“Material affluence, and the anxiety (and feelings of precarity) that surround that affluence, in the modern Orthodox world are not specific phenomena of a particular religious subgroup”
To understand modern Orthodoxy, we must view “Orthodoxy” within its larger social, economic, and cultural contexts.
For example, if you read modern Orthodox Jews’ disinvestment from American citizenship as being, at best, a manifestation of a centuries-old relationship of Jewish ambivalence toward the society around it, and, at worst, hostility toward that society, we miss that mid-to-late-20th-century patterns of suburbanization and sorting—patterns that we share with other upper-class white Americans—do a better job explaining our reactions to the world around us than our great-great-grandparents’ feelings about the czar. Material affluence, and the anxiety (and feelings of precarity) that surround that affluence, in the modern Orthodox world are not specific phenomena of a particular religious subgroup. Except for larger family size, we are precisely mirroring the socio-economic concerns and anxieties of the societal stratum into which we fit.

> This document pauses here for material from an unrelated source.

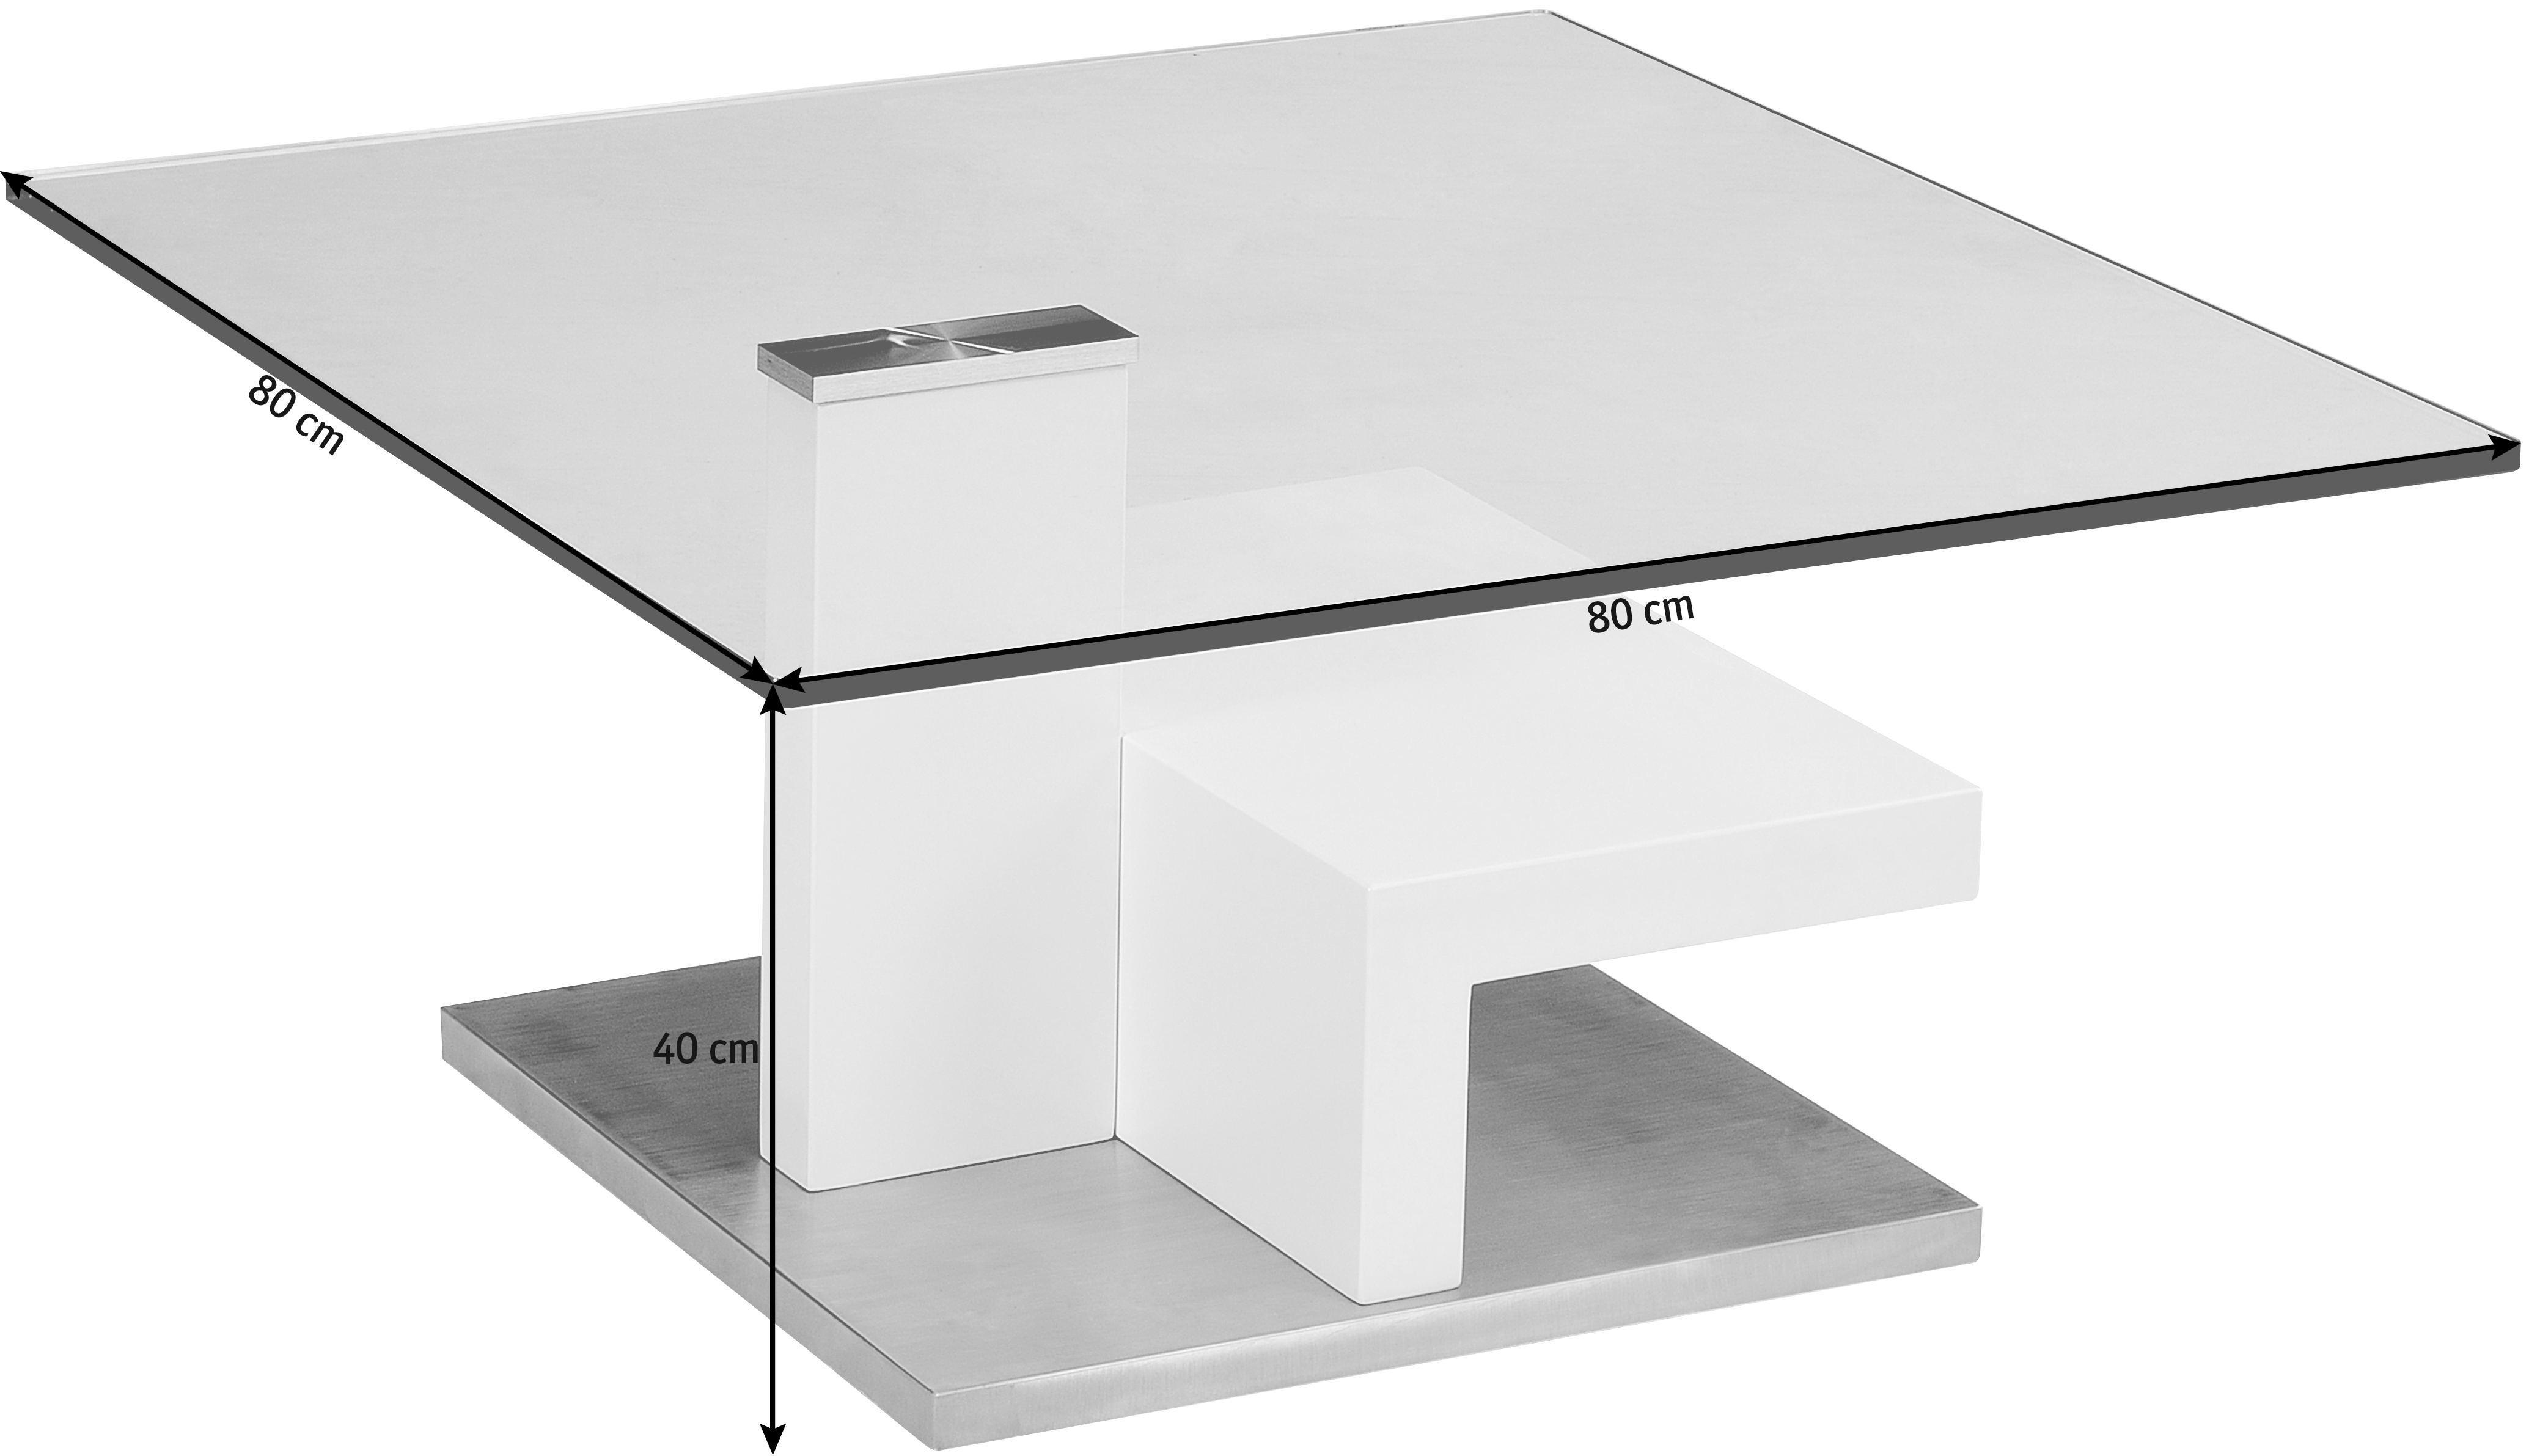 KLUBSKA MIZA - barve nerjavečega jekla/bela, Design, kovina/steklo (80/40/80cm) - XORA

Take, in particular, the tuition crisis. Observers of the community, both from within and without, cast this as the greatest challenge and threat facing our community. Fully cognizant of how dangerous it is for someone whose salary is paid by parents’ tuition dollars to wade into this, I nevertheless challenge this way of looking at the problem. Yeshiva tuition doesn’t have to cost over $30,000 a year. We know, because in the Haredi world, it doesn’t. The further one goes to the right, the lower tuition tends to be. And while one can point to ultra-Orthodox schools with tuitions of $4,000 and no general studies education, one can also find schools whose tuitions are a third or a half that of modern Orthodox schools, but which provide a sound basic education that adequately prepares students for college. This is not advocating for the Haredi system as much as suggesting that the economics of day schools’ education is not a necessary or inevitable product of a modern Orthodoxy lifestyle.

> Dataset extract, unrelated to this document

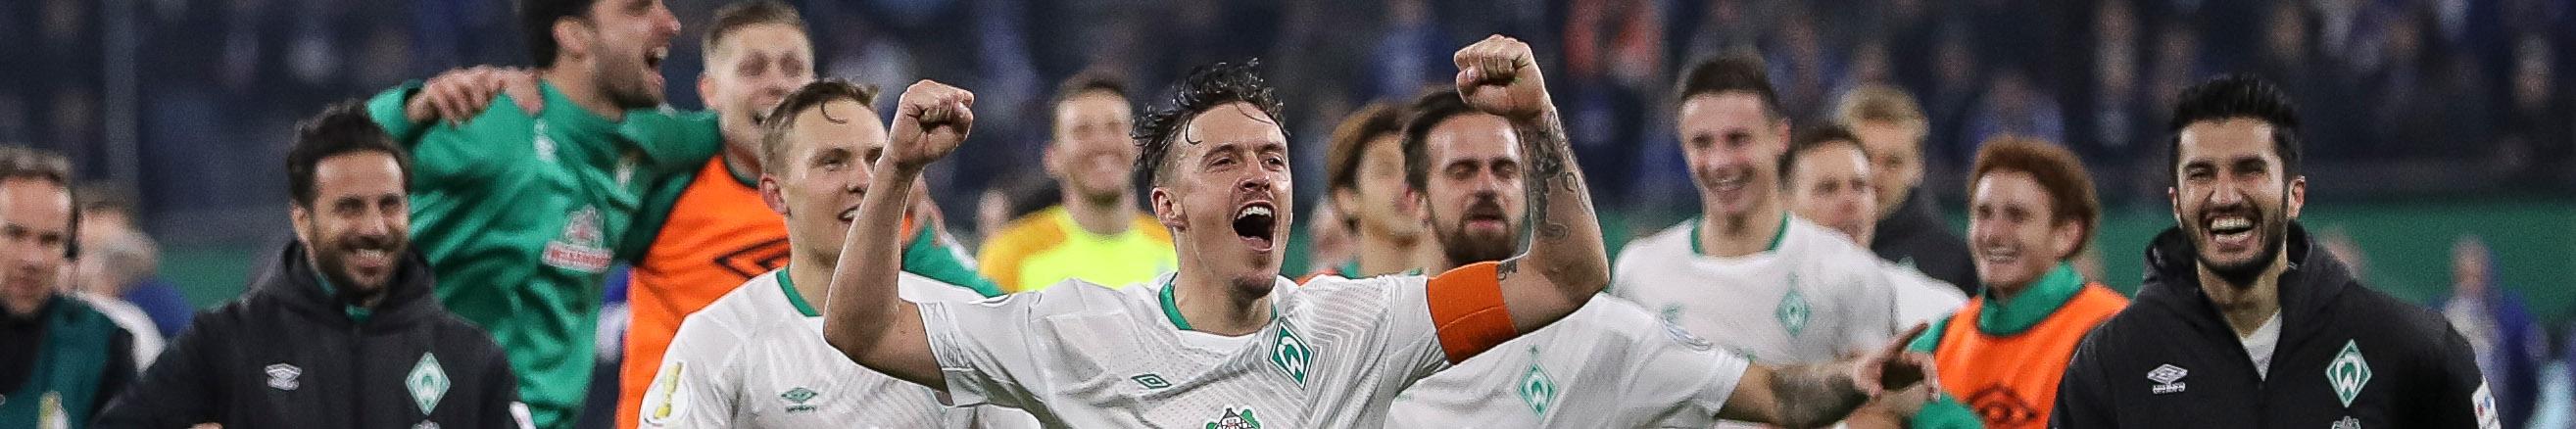 Werder Bremen - FC Bayern: Ein Pokal-Klassiker lebt wieder auf

But modern Orthodoxy doesn’t only want a sound basic education. It wants the full range of academic and co-curricular opportunities that will enrich their children’s lives and get them accepted to the most competitive colleges. It wants the full range of support from school psychologists and learning specialists, so that students with a variety of needs can be supported in our institutions. It wants its students to be engaged meaningfully in their lives as Jews—not only in stimulating classes but with personal connections to teachers, in chagigot and Shabbatonim, in programming outside and around and on top of the school day. We want Horace Mann plus a geshmak (love) for Yiddishkeit.